И тут сквозь давно уже не модные роговые очки я увидел устремленный на меня тяжело ограненный, неподвижный взгляд. Смотрел кто-то очень одинокий, задыхающийся, только что вынырнувший на поверхность. Седеющая щетина, как слой инея, покрывала впалые щеки. Это было мое безглазое отражение. Симпатии к себе оно не прибавило… Да, это, несомненно, был я – узнал себя, хотя хмурая физиономия с перекошенными очками, застывшая в текучем зеркале, и была совсем непохожа на ту, что хранилась в памяти… Ничего хорошего эта встреча не предвещала…
Долго изучал помятый слегка лик в очках, изучал узкогубый рот – хозяин его явно с трудом с ним справлялся – с двумя морщинами, начинавшимися у крыльев носа и уходившими в подбородок. Наполненные тьмой, они были будто глубокие скобки, отделяющие каждое мое слово от слов, произносимых другими. Вот человек, говорящий отдельно.
Мы с человеком, говорящим отдельно, не отрываясь смотрим друг на друга. Игра в гляделки. Я не выдерживаю первым: запустил в зеркальную глубину свою скользкую, неуверенную улыбку – не всю улыбку даже, а только ее маленькую часть – и отвернулся. В онемевшей гортани стало холодно и сухо, будто после анестезии. Разозлился, загасил окурок и отошел к открытому окну.

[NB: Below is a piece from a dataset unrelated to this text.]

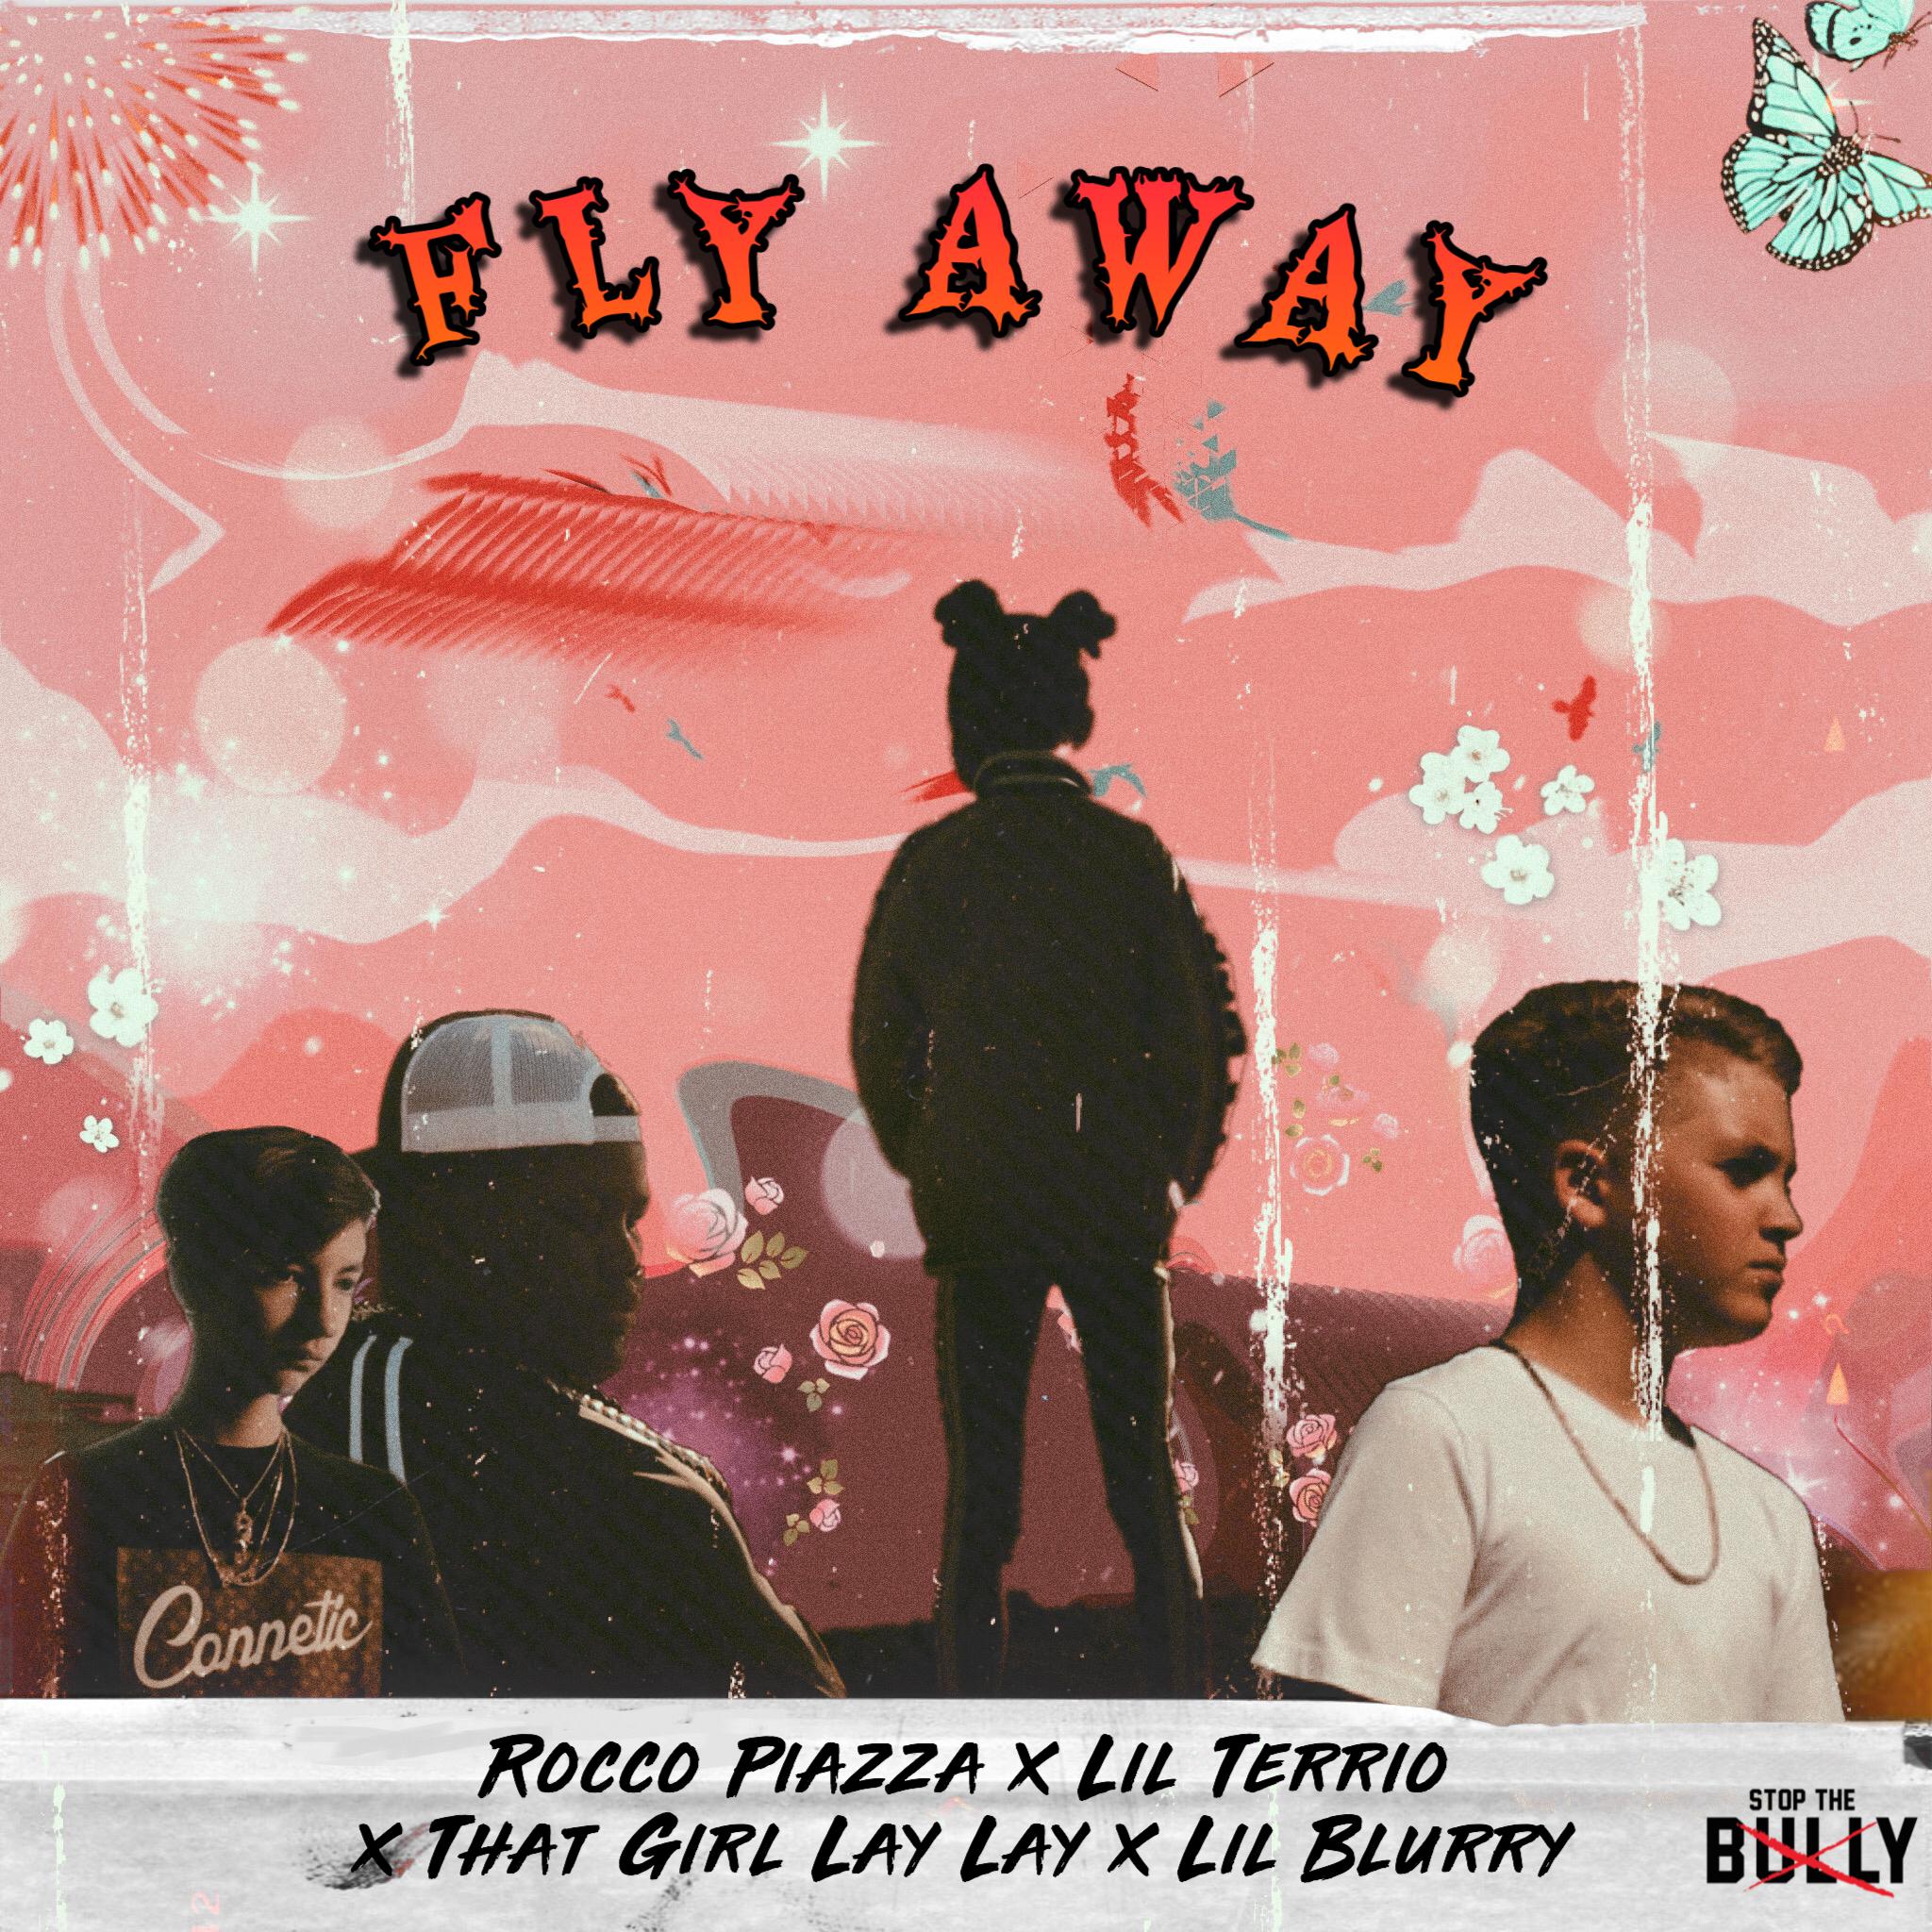 Rocco Piazza - Fly Away

Отражение недоуменно поглядело мне вслед.
Глава 2
Сколько времени я так стою? Вытянул наугад руку, и на ладонь обрушилась холодная вода, беснующаяся между гремящим небом и покорно распластавшейся под ним землей. Город неотличим был от ливня, идущего сразу во всех направлениях. В Питере таких ливней не бывает.
Внизу проступали молочные плафоны на извилистых лунных стеблях, обернутых в искрящуюся влагу. Качались в асфальте вложенные друг в друга круги темноты и размытого аквариумного света. Из них поднимались тяжелые испарения.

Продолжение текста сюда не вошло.